Ekobis

BI Kaltim Bank Indonesia Ekonomi Halal  LPPOM MUI 

Bank Indonesia Kaltim Mendorong Penguatan Ekosistem Halal di Kalimantan Timur



Kepala Perwakilan Bank Indonesia Provinsi Kalimantan Timur, Budi Widihartanto.
Kepala Perwakilan Bank Indonesia Provinsi Kalimantan Timur, Budi Widihartanto.

SELASAR.CO, Samarinda - Bank Indonesia bekerja sama dengan LPPOM MUI (Lembaga Pengkajian Pangan, Obat-obatan, dan Kosmetika Majelis Ulama Indonesia) telah menggelar pelatihan khusus dalam upaya mendorong penerapan prinsip halal di seluruh rantai nilai di Provinsi Kalimantan Timur. Kegiatan ini difokuskan pada pelatihan Juru Sembelih Halal (JULEHA) untuk mendukung sertifikasi halal di Rumah Potong Unggas (RPU) di wilayah tersebut. Acara bertempat di Hotel Mercure Samarinda dan berlangsung pada tanggal 14 September 2023.

Kepala Perwakilan Bank Indonesia Provinsi Kalimantan Timur, Budi Widihartanto, dan Direktur LPPOM MUI Kaltim, drh. H. Sumarsongko, membuka Bimbingan Teknis Juru Sembelih Halal (JULEHA) bersama-sama.

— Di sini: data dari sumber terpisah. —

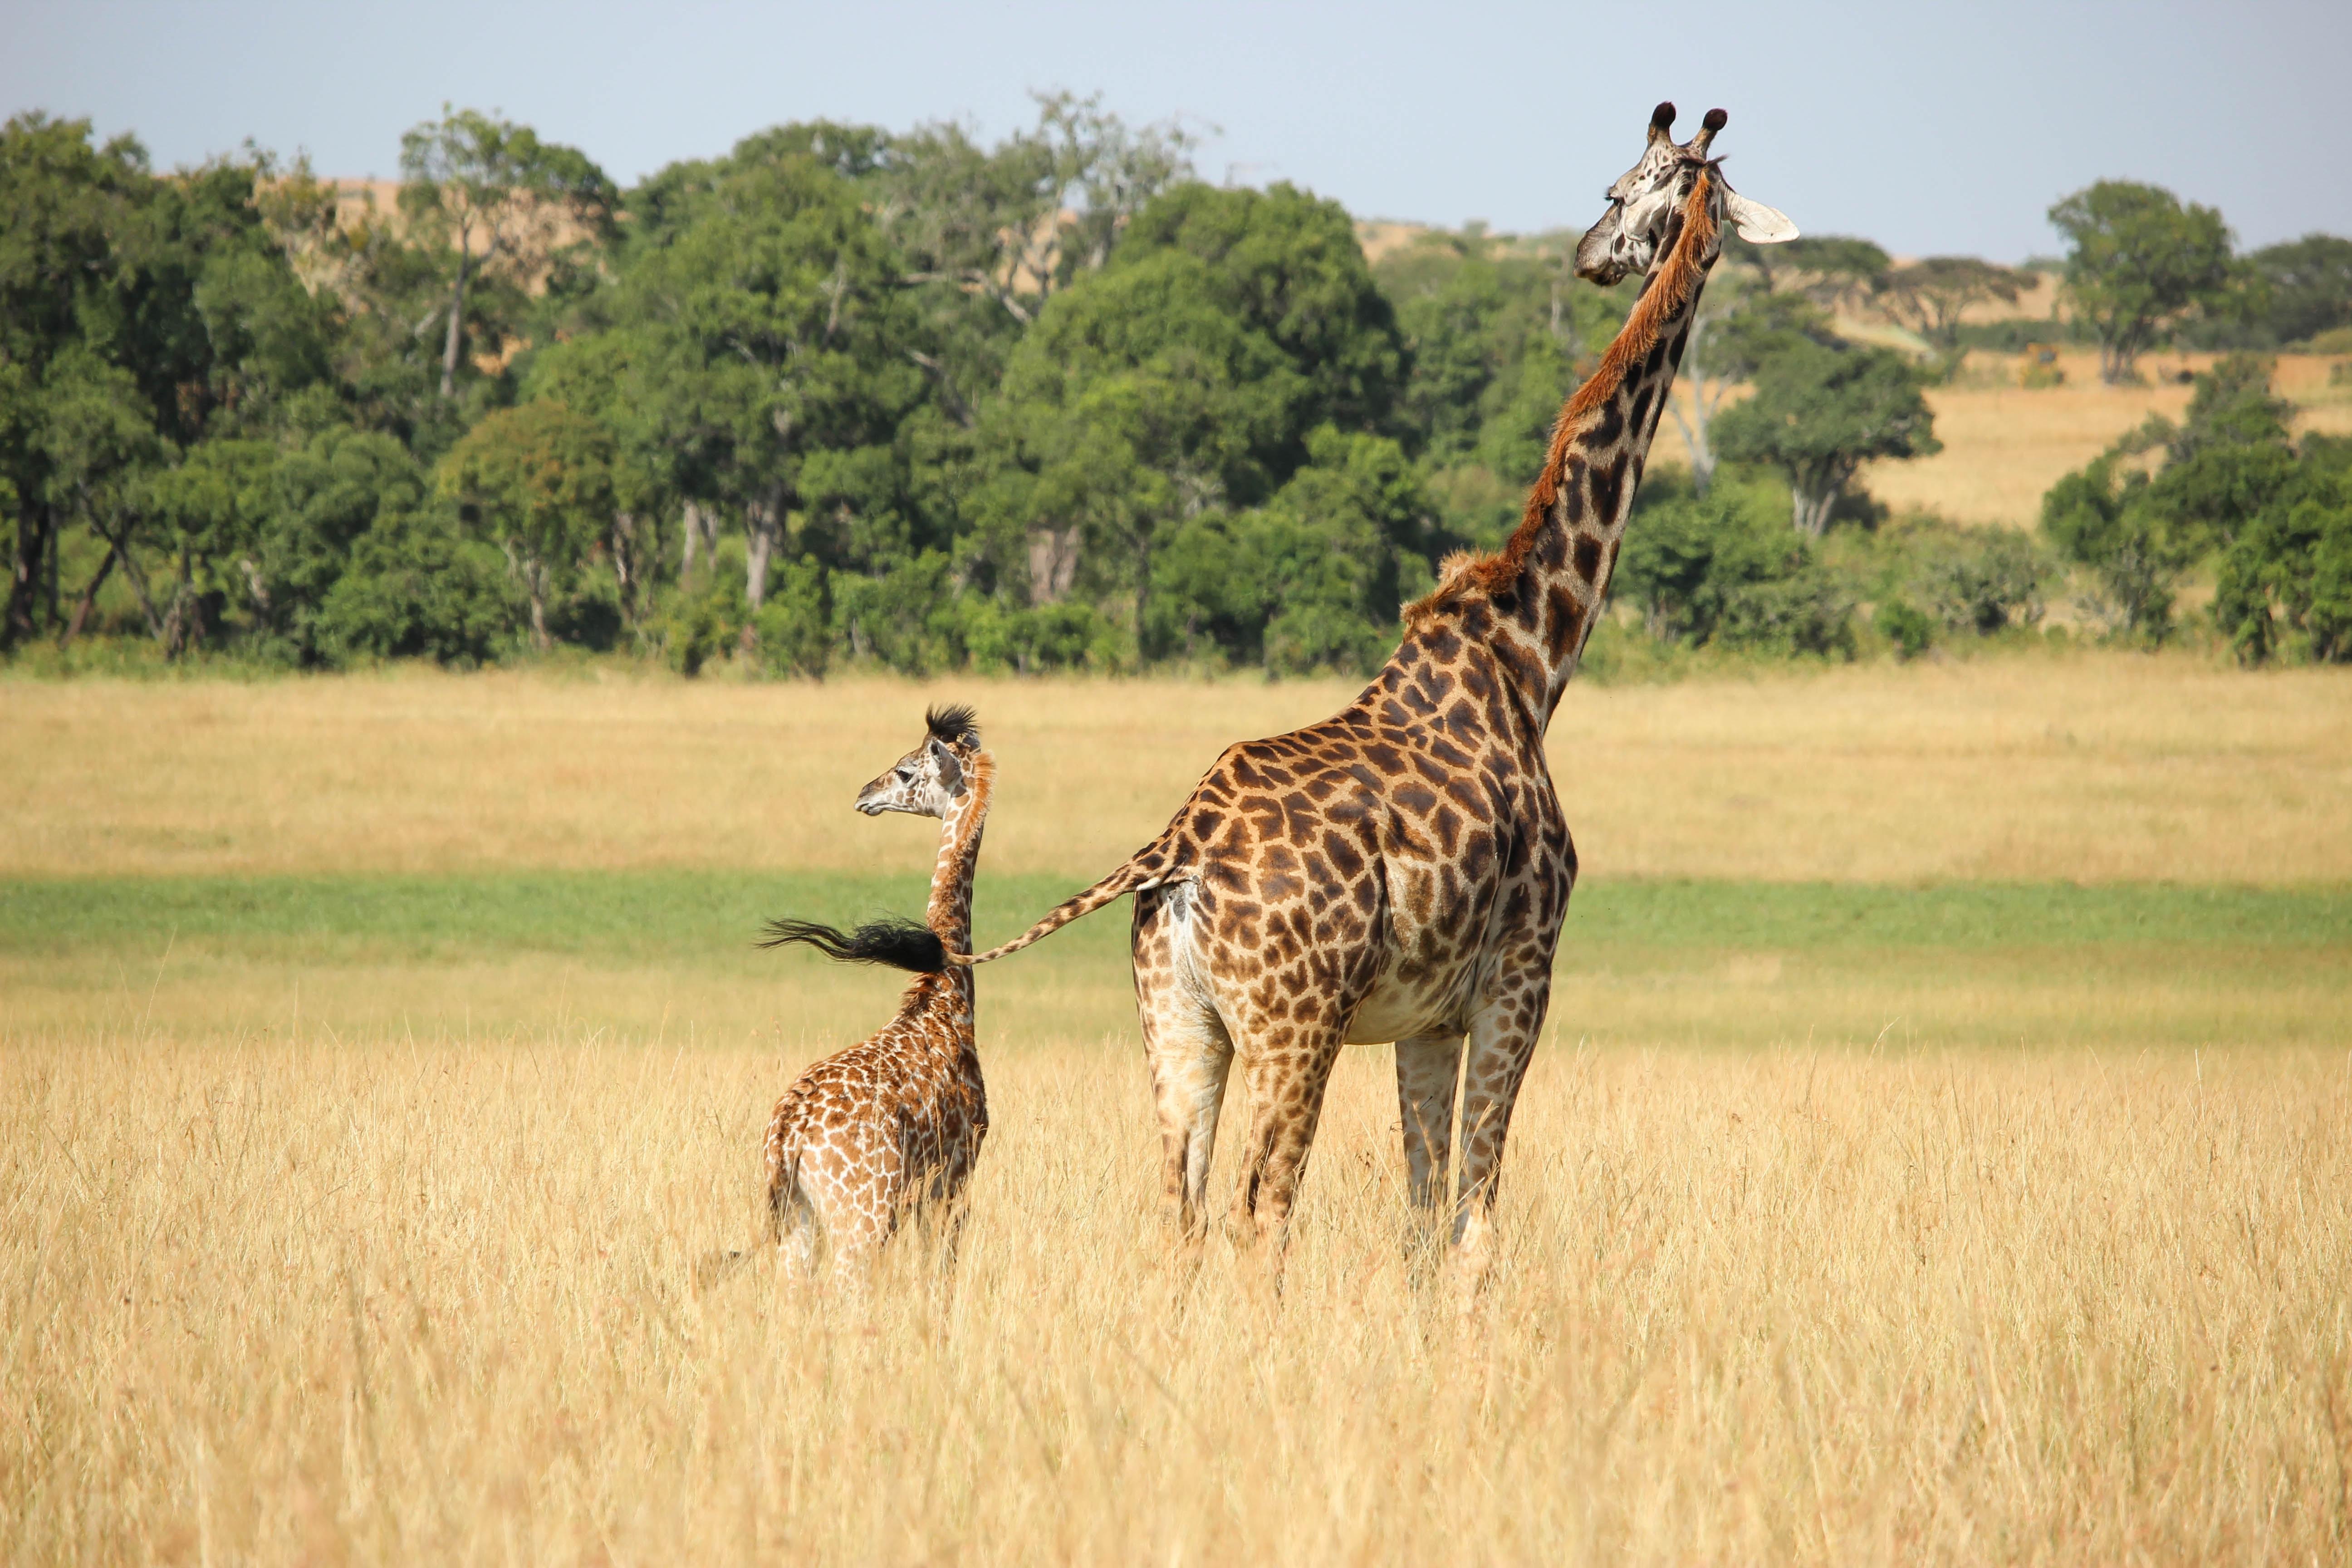 One adult and one baby giraffe walking in the Masai Mara Game Reserve Savanna

Hadir juga dalam acara ini Komisi Fatwa LPPOM MUI Kaltim, Khairy Abusyairi, perwakilan Kantor Wilayah Kementerian Agama Kaltim, dan perwakilan Dinas Peternakan dan Kesehatan Hewan Kaltim. Bimbingan teknis ini diikuti oleh 16 juru sembelih dari 10 Rumah Potong Unggas (RPU) di Kota Samarinda dan Kabupaten Kutai Kartanegara.

Budi Widihartanto menyampaikan bahwa Bank Indonesia aktif bekerja sama dengan para stakeholder di daerah untuk mempercepat penerapan sertifikasi halal, memperkuat ekosistem halal value chain, terutama di negara dengan mayoritas penduduk muslim seperti Indonesia. “Dengan populasi muslim mencapai sekitar 87,02%, atau sekitar 241,7 juta jiwa, Indonesia memiliki potensi pasar yang besar untuk produk halal, khususnya makanan dan minuman olahan. Potensi ini juga membuka peluang pasar global dengan permintaan tinggi dari negara-negara muslim seperti Arab Saudi, Malaysia, Brunei Darussalam, dan lainnya,” ujarnya.

Menurut Badan Penyelenggara Jaminan Produk Halal (BPJPH), terdapat 150 Rumah Potong Unggas (RPU) di Kalimantan Timur, namun hanya 7 di antaranya yang telah memperoleh sertifikasi halal dan masih aktif hingga tahun 2023. Oleh karena itu, bimbingan teknis JULEHA yang dilaksanakan bertujuan untuk mempercepat proses sertifikasi halal RPH/RPU di Kalimantan Timur.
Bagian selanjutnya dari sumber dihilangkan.